## SUPPLIED MATERIAL
== Segment start ==
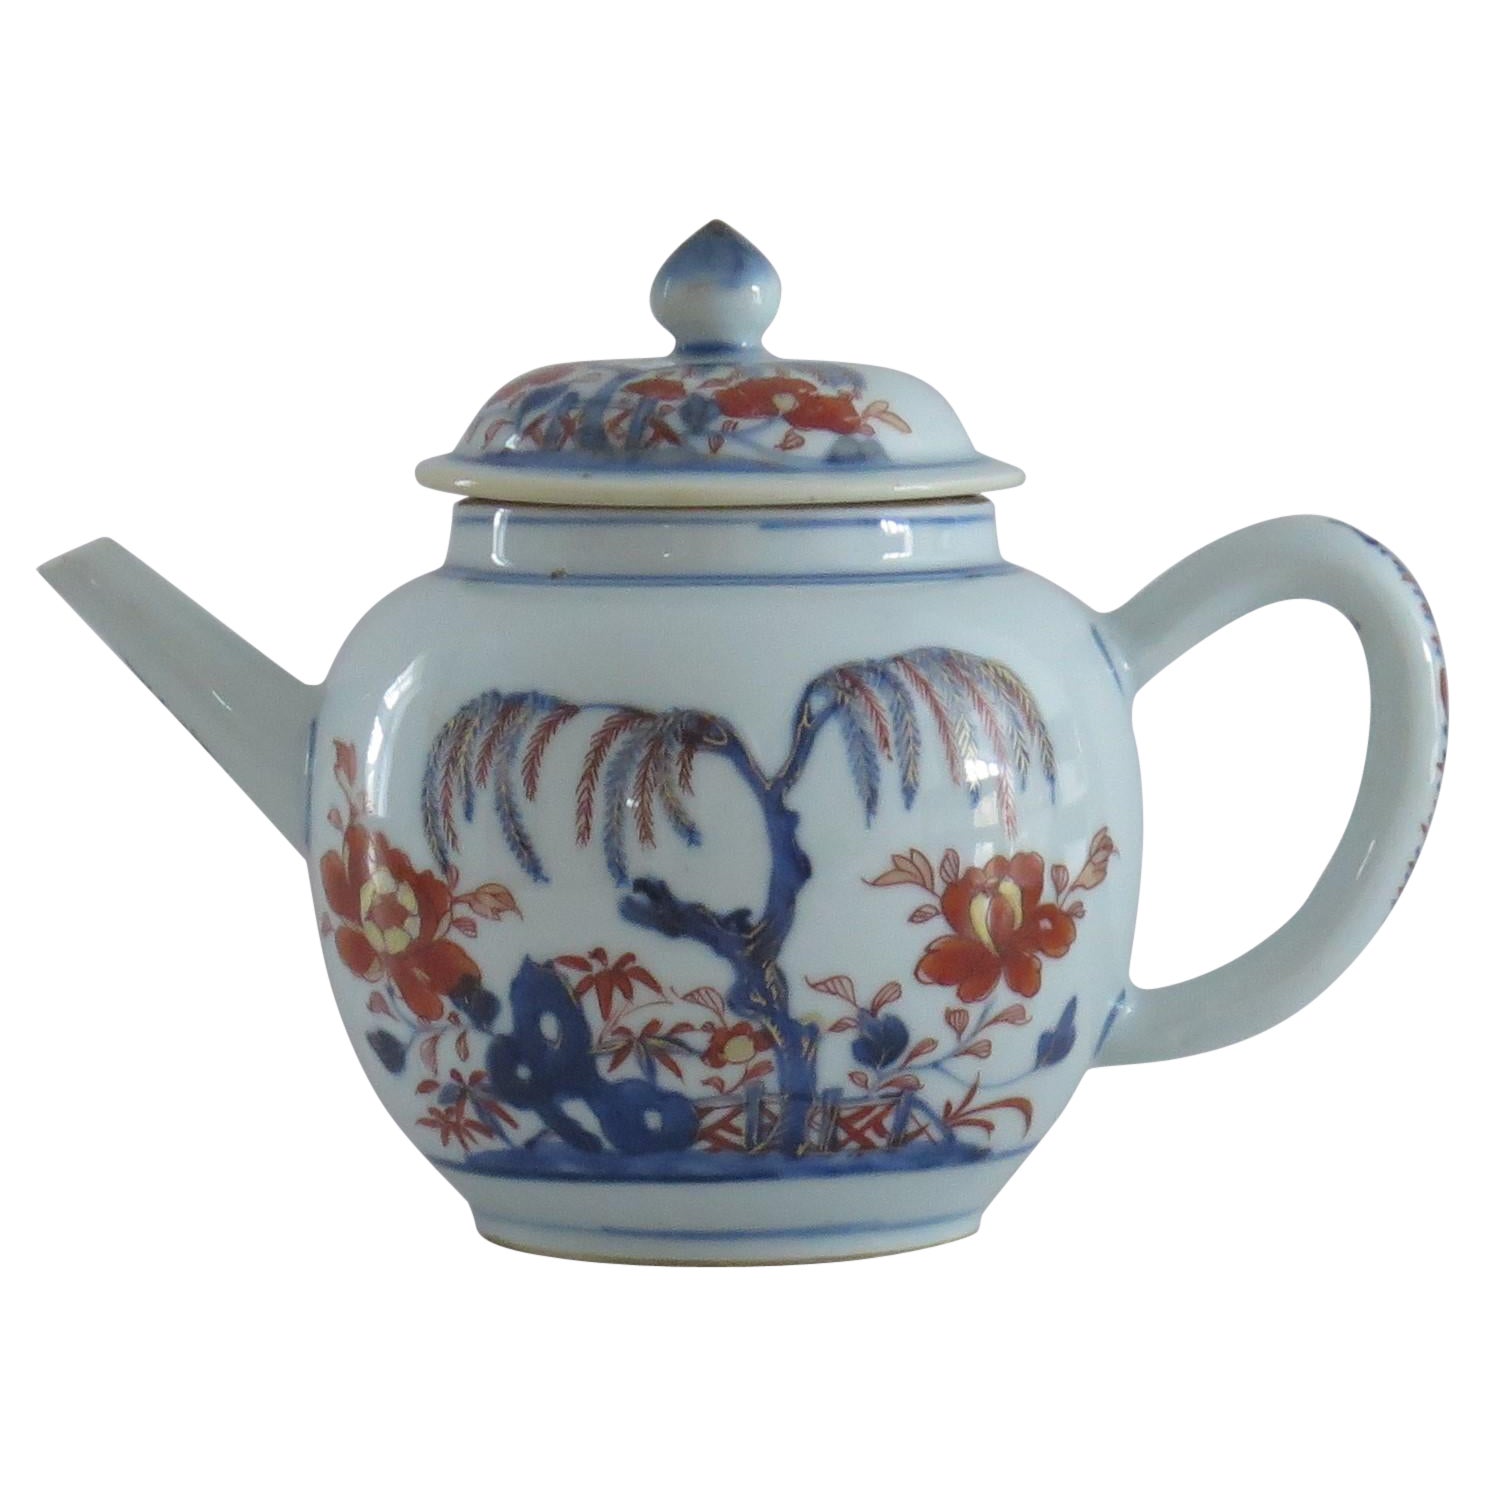 Chinese Export Kangxi Period Teapot Hand Painted Imari Pattern, Circa 1710
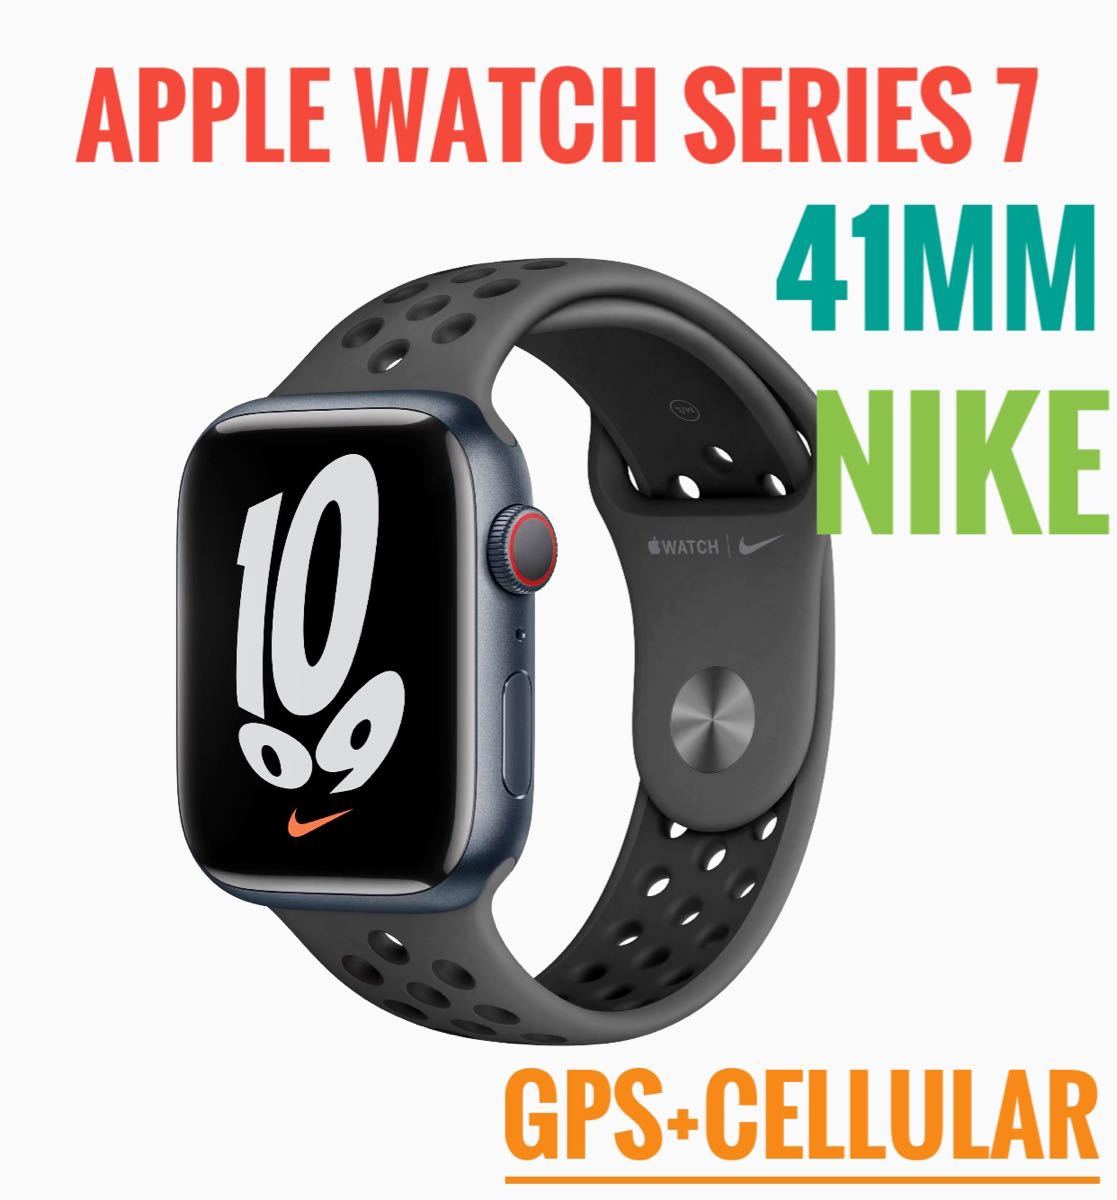 Apple Watch Series 7 41mm黒 GPS+セルラー新品未開封 - adc-apteka.com.ua
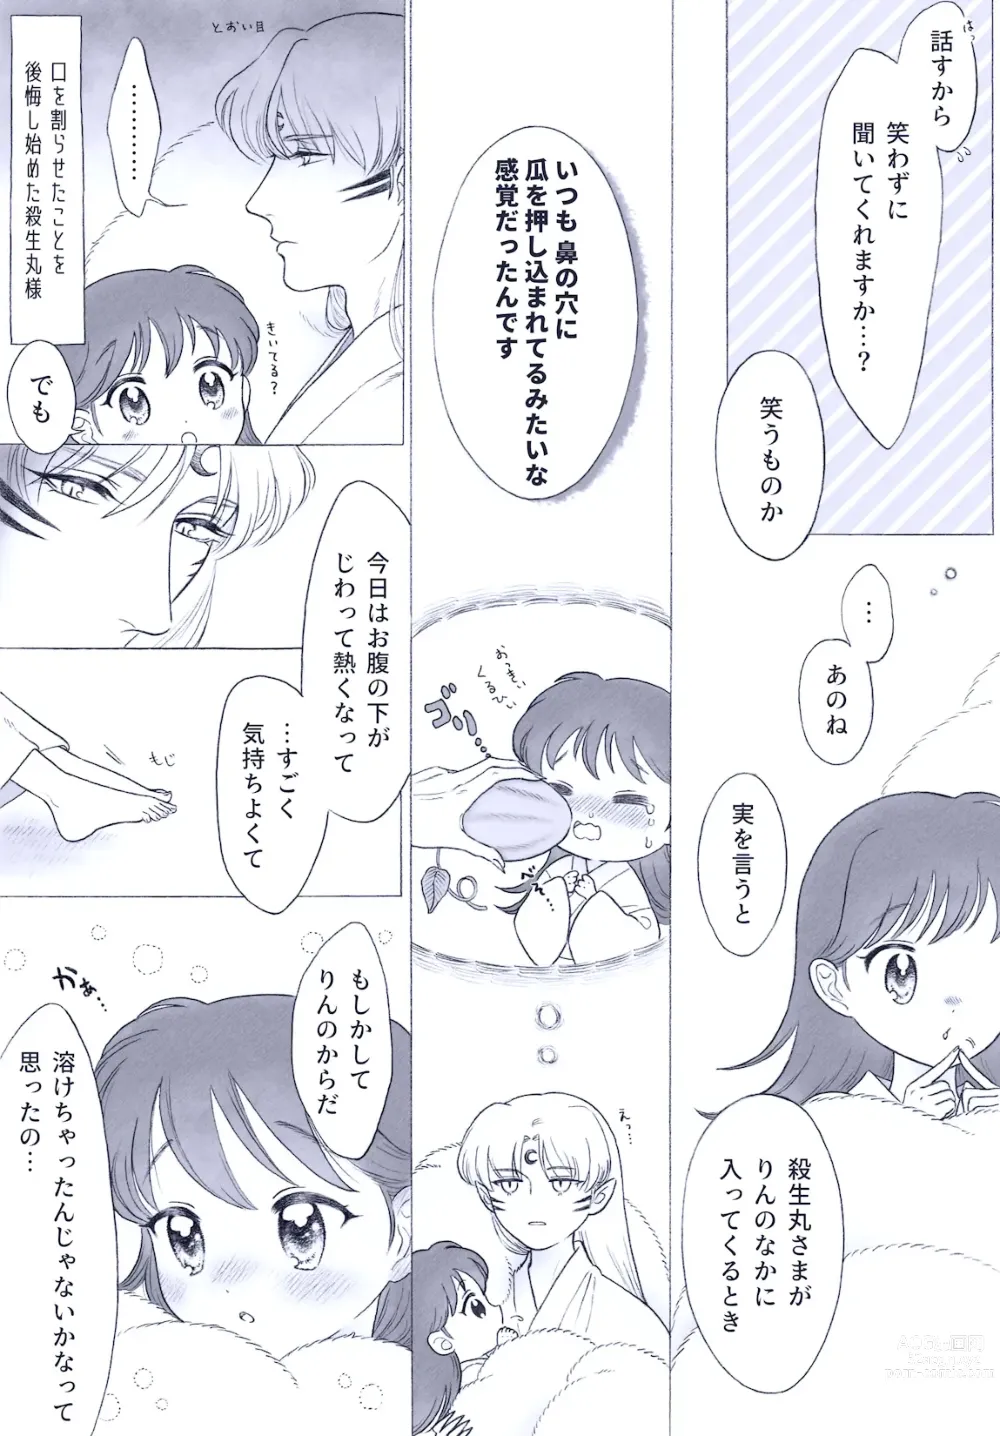 Page 4 of doujinshi Otona no SeRin Manga
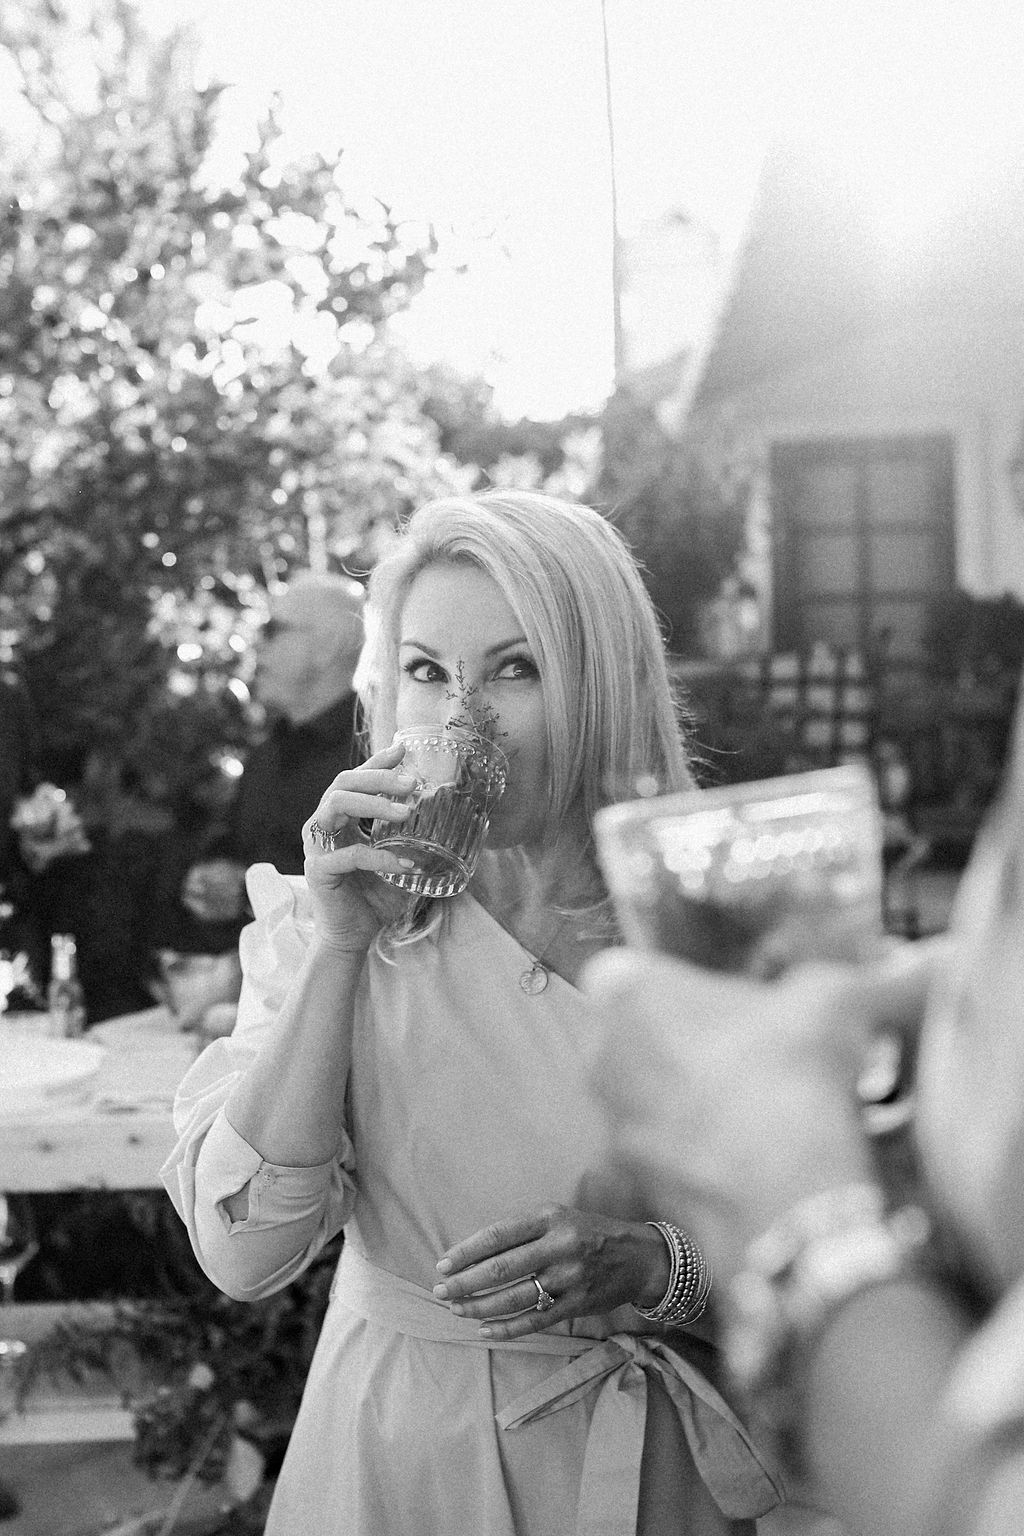 Valerie Rice dinner party in Santa Barbara, summer cocktails
== Segment end ==
## HOW TO COMPLETE THIS TASK
Every line from the one with "Apple Watch Series" through the last line of the data must be copied exactly. Leave the pictures out.

## EXERCISE OUTPUT
 Apple Watch Series 7 41mm黒 GPS+セルラー新品未開封 - adc-apteka.com.ua
 Page 4 of doujinshi Otona no SeRin Manga
 Valerie Rice dinner party in Santa Barbara, summer cocktails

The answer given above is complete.